Jack sighs across the receiver. Then he says, “I had to put Strider down this morning. Stopped eating. Belly full of tumors.”

Evan feels the loss in his gut, his throat. “I’m sorry.”

He hears the clink of ice in a glass. He imagines the handsome dog’s creep beneath the dinner table, the feel of the muzzle slurping a secreted handful of turkey from his cupped palm. The closest thing to a brother he ever had.

Jack interrupts his thoughts. “What are you telling me?”

The feeling of grief still enfolds Evan. He is unaccustomed to it. It takes him a beat to reorient himself. “Maybe I need a break.”

“You’re saying you want to come in?”

“I’m saying I need a break.”

“You can’t have one. Not right now.”

“Next mission is set?”

“In your folder already.”

Evan is sitting cross-legged on a bed on the top floor of a crumbling hotel. The room is so small he can reach across and pull his laptop from the wobbly wooden desk. Pinching the phone between his shoulder and cheek, he logs in to his account. The sash window is crookedly open, overlooking blocky beige buildings, strings of drying laundry. The air hangs hot and still in the room.

“Hold on,” he says. “I’m there.”

He clicks on the drafts folder. He opens the sole e-mail-in-progress. The beach ball spins as the photo loads.

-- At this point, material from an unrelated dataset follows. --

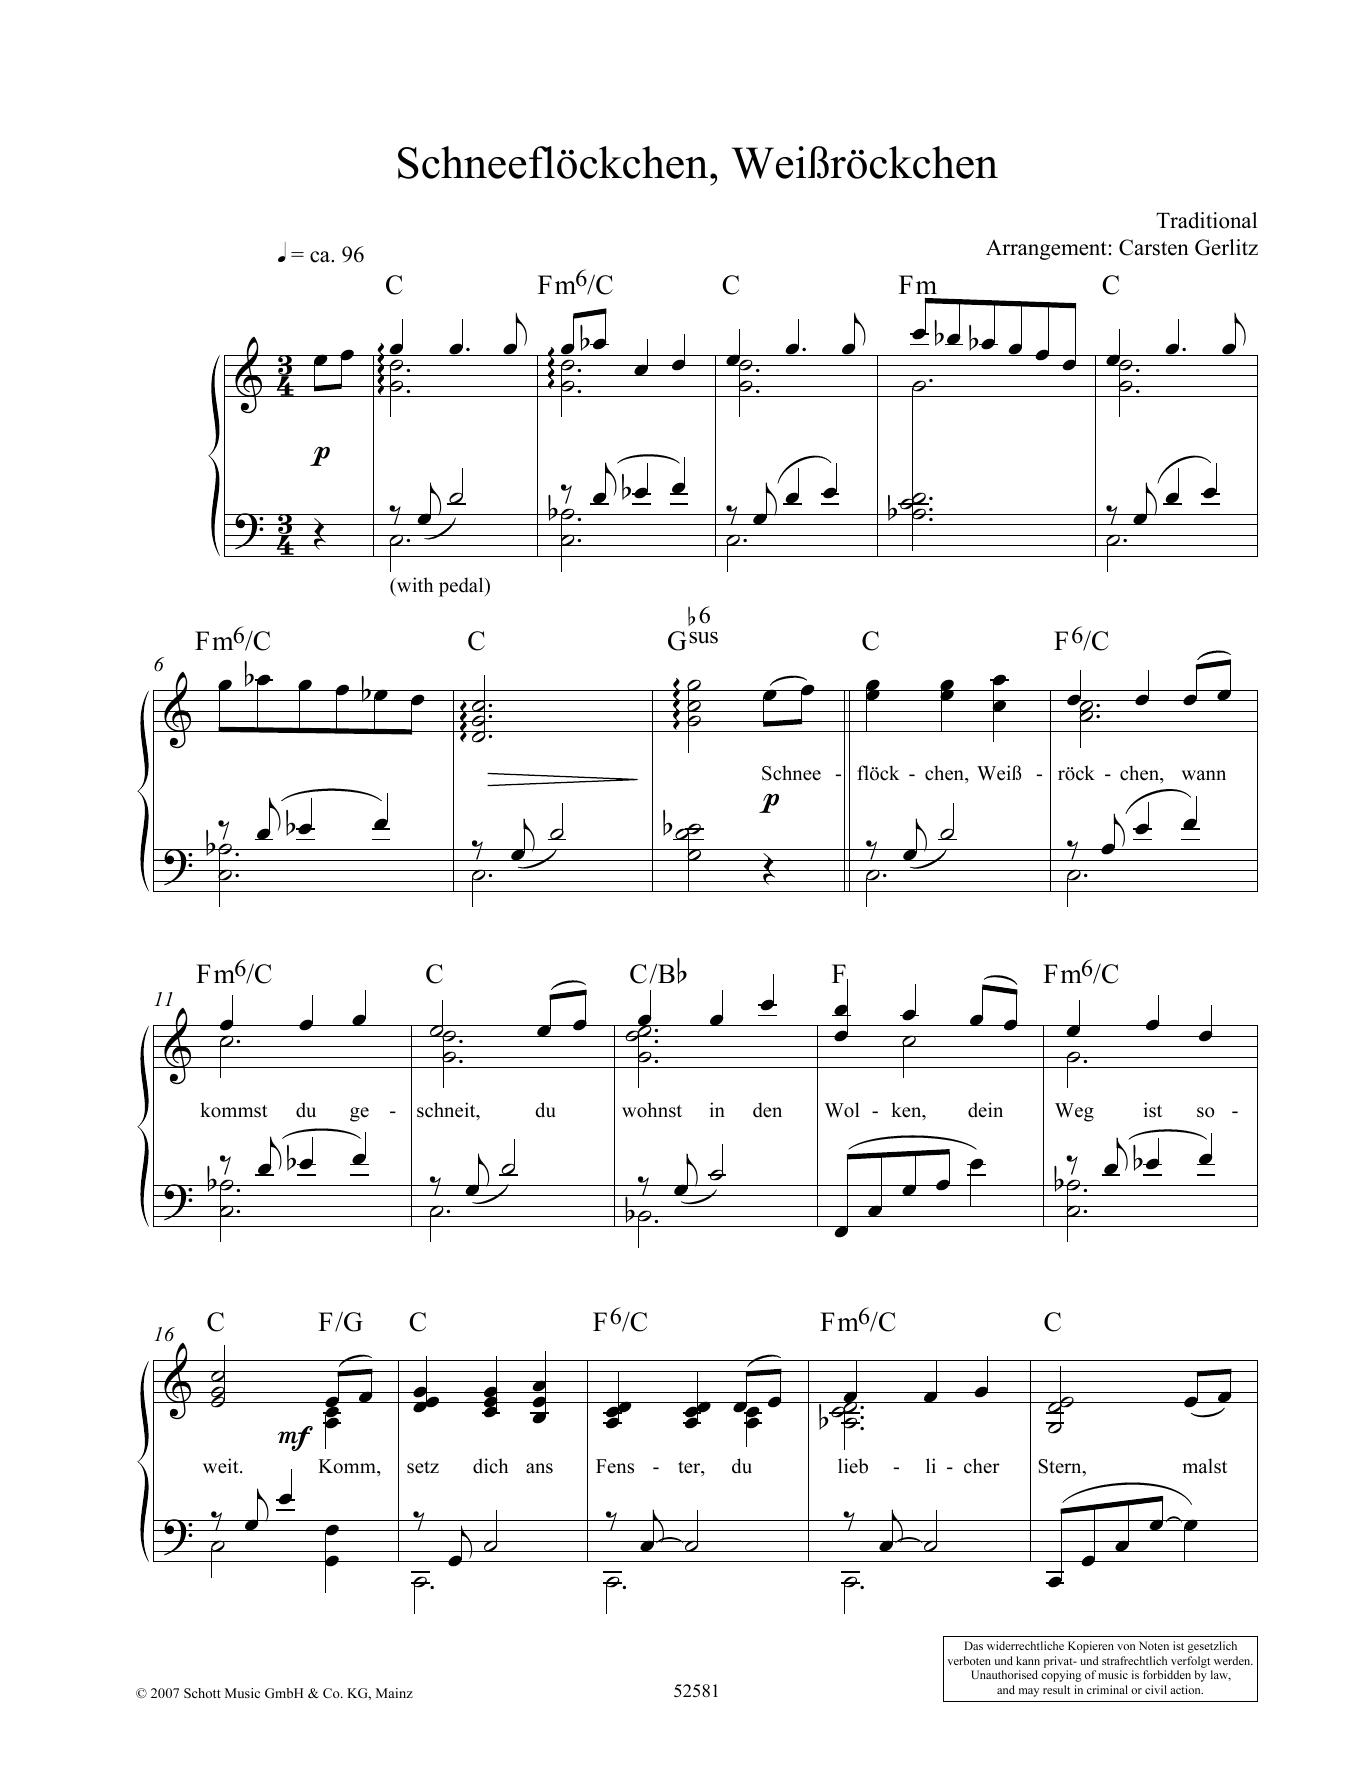 Schneeflöckchen, Weißröckchen Sheet Music

He sees the face, and the breath leaves his lungs. The sounds of traffic fade. There is nothing but a white-noise rush at his ears. He blinks hard around his thumb and forefinger, pinching the bridge of his nose, but when he looks back up, the pixelated photo is the same.

Charles Van Sciver.

Jack reads something in the silence as only he can. “You recognize him.”

“Yes.”

“From the home.”

“Yes. And.”

“And what?”

Evan stands up, goes to the window, trying to find fresh air. But the air is all the same here—in this room, outside, in the whole bone-dry country. “We met once. I know. Who he is now.”

“You
met
? That’s an unfortunate irregularity.”

“Call it what you like. If he’s an Orphan like me, why is he landing in my e-mail account?”

“He’s been compromised. A couple of our guys…”

Evan could hear the pain in Jack’s voice. “What?” he pressed.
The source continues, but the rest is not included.